Here, at last, is my letter to Scorpio. I wish it had come sooner, but I haven’t been myself since his death. Suddenly saying goodbye to him and several other things that don’t belong here have kept me from feeling ready to pay the tribute to Scorp I want to pay.
Now that I’m slowly feeling more like myself, and that he has almost been gone for a month. It is time. I’m ready to say what I need to say for me.
I’m once again sitting next to your bed. The last time I sat here, I was sharing my thoughts about your passing. Hundreds of times before that heartbreaking time, I sat here “giving you the touching”. How I would rather be rubbing your smooth side than hoping I can give you the written tribute you deserve. But I don’t have a choice. So, here is what I want you to know, Scorp.
I will never forget the first time we met. Even the morning of your passing, I was able to remember you walking into my kitchen, crapping on my floor, letting me pet you, and leaving. The day you died, that memory only brought a faint smile that was almost forced. Now, I think of it and I can fully smile.
Of all the gifts you gave, the gift of near-constant smiles is how I will most remember you.
How I cherish the memory of sitting in the yard and hearing your collar jingle as you got close to me. As you got closer, we both knew what was going to happen.
As your tongue licked me somewhere on the face, I reached out and touched you on the neck. As I laughed and smiled, I hoped you would lay in front of me so I could easily touch you. But after the first few months, I knew it wasn’t going to happen.

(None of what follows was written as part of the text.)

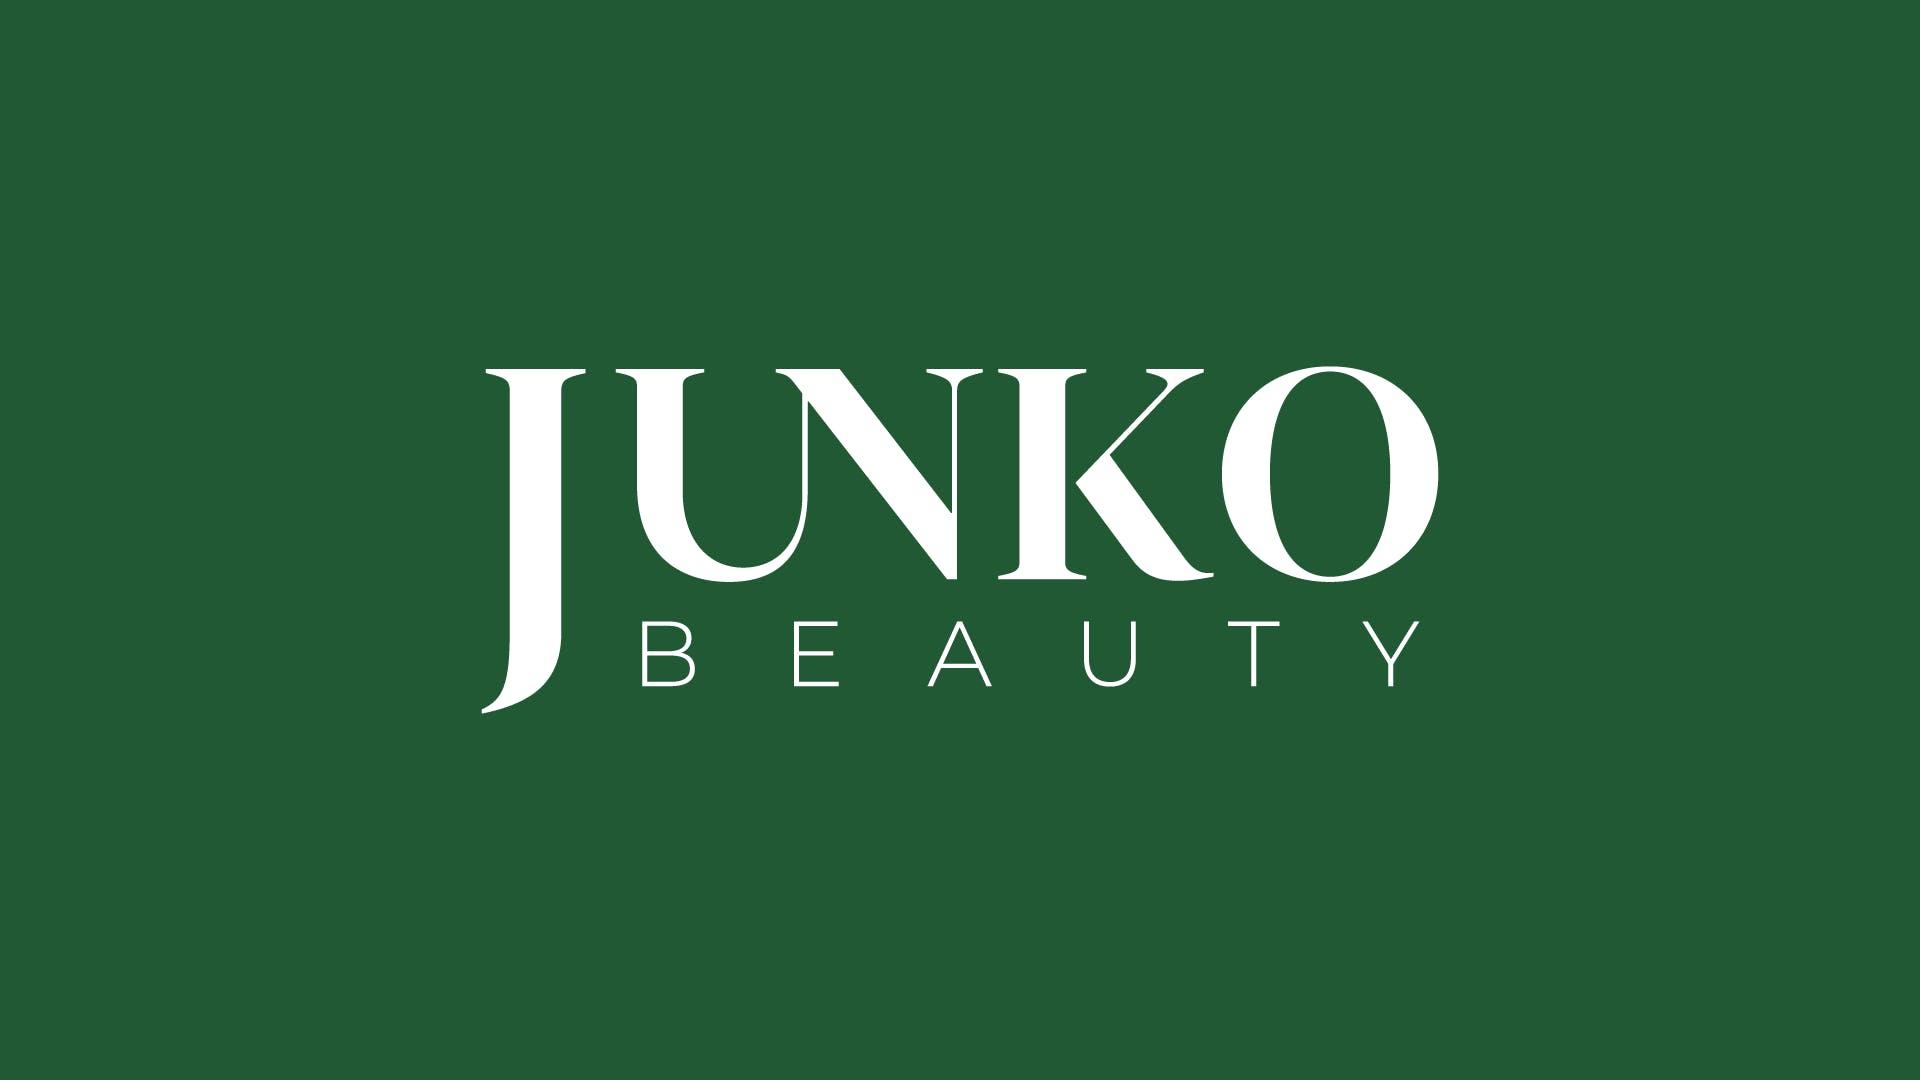 Junko Beauty - Design de logo de clínicas de estética

As I smiled and laughed, you would lay on either side of me. Sometimes, you would even go behind me. Wherever you decided to lay, I was supposed to give the touching.
As long as I live, I will remember the times you settled in directly behind me and gently nibbled on the back of my arm. I was to start touching. You didn’t know my arm didn’t bend that way.
As tears start falling and my smile fades, I desperately want to feel that nibble on the back of my arm. I want to once again laugh and turn around because I know you will never move to make the touching easier for me.
Mom still wears one of your collars. Sometimes, it will jingle. For an instant, the sound will trick me into thinking we are going to play our game that will wind up with me adjusting to give you the touching in whatever position you have chosen.
Suddenly, cruelly, the instant vanishes. My heart settles. The settling becomes a brief, painful ache as I once again face the reality that I won’t be giving the touching.
Sometimes, Mom’s phone rings and the familiar Little House on the Prairie song causes me to stop what I’m doing and listen for your singing. As the song goes on without you, I try to focus on what I was previously doing.
When you were here and singing, I would smile and start concentrating again. Now that your off-key song won’t come, I pause and imagine the song in my head. Imagining your song is a treat for which I’m grateful. But I’m not yet able to smile.
I can still feel your blanket under my feet as I walk through the yard to play basketball. Every time I walked over your blanket, I smiled. I knew you had gotten so excited about something, usually Mom coming home, that you just had to grab your blanket and run outside.
A couple of times, I almost picked up your blanket and brought it inside. But something always told me it was part of your relationship with Mom. You got excited to see her and dropped your blanket outside. She needed to bring you your blanket as a show of her love for you.
You have been gone a month, Scorp. It has been a sad, difficult month. In some ways, one of my worst. But that was unavoidable when one of my best, truest friends passed.
I can’t thank you enough for all the smiles, laughs, and wonderful memories.
When Mom was looking to adopt a greyhound, we kept reading about dogs looking for their forever homes. Many times during your life we discussed the fact that you had almost certainly been abused at the race track and that two families returned you. Having those thoughts, we joked about you finally finding your forever home.
Soon, a sign will hang in the yard next to Ufi’s sign. It will tell everyone Scorpio was our forever greyhound. We gave you a forever home. You gave us true love that will live in our hearts forever.
The greyhound people would tell everyone Mom rescued you. We tell everyone you made our lives better, happier, funnier, and filled with more love than they could have ever been without you.
Rest in Peace, Scorpio. You are gone. You will never be forgotten. You are always our forever greyhound.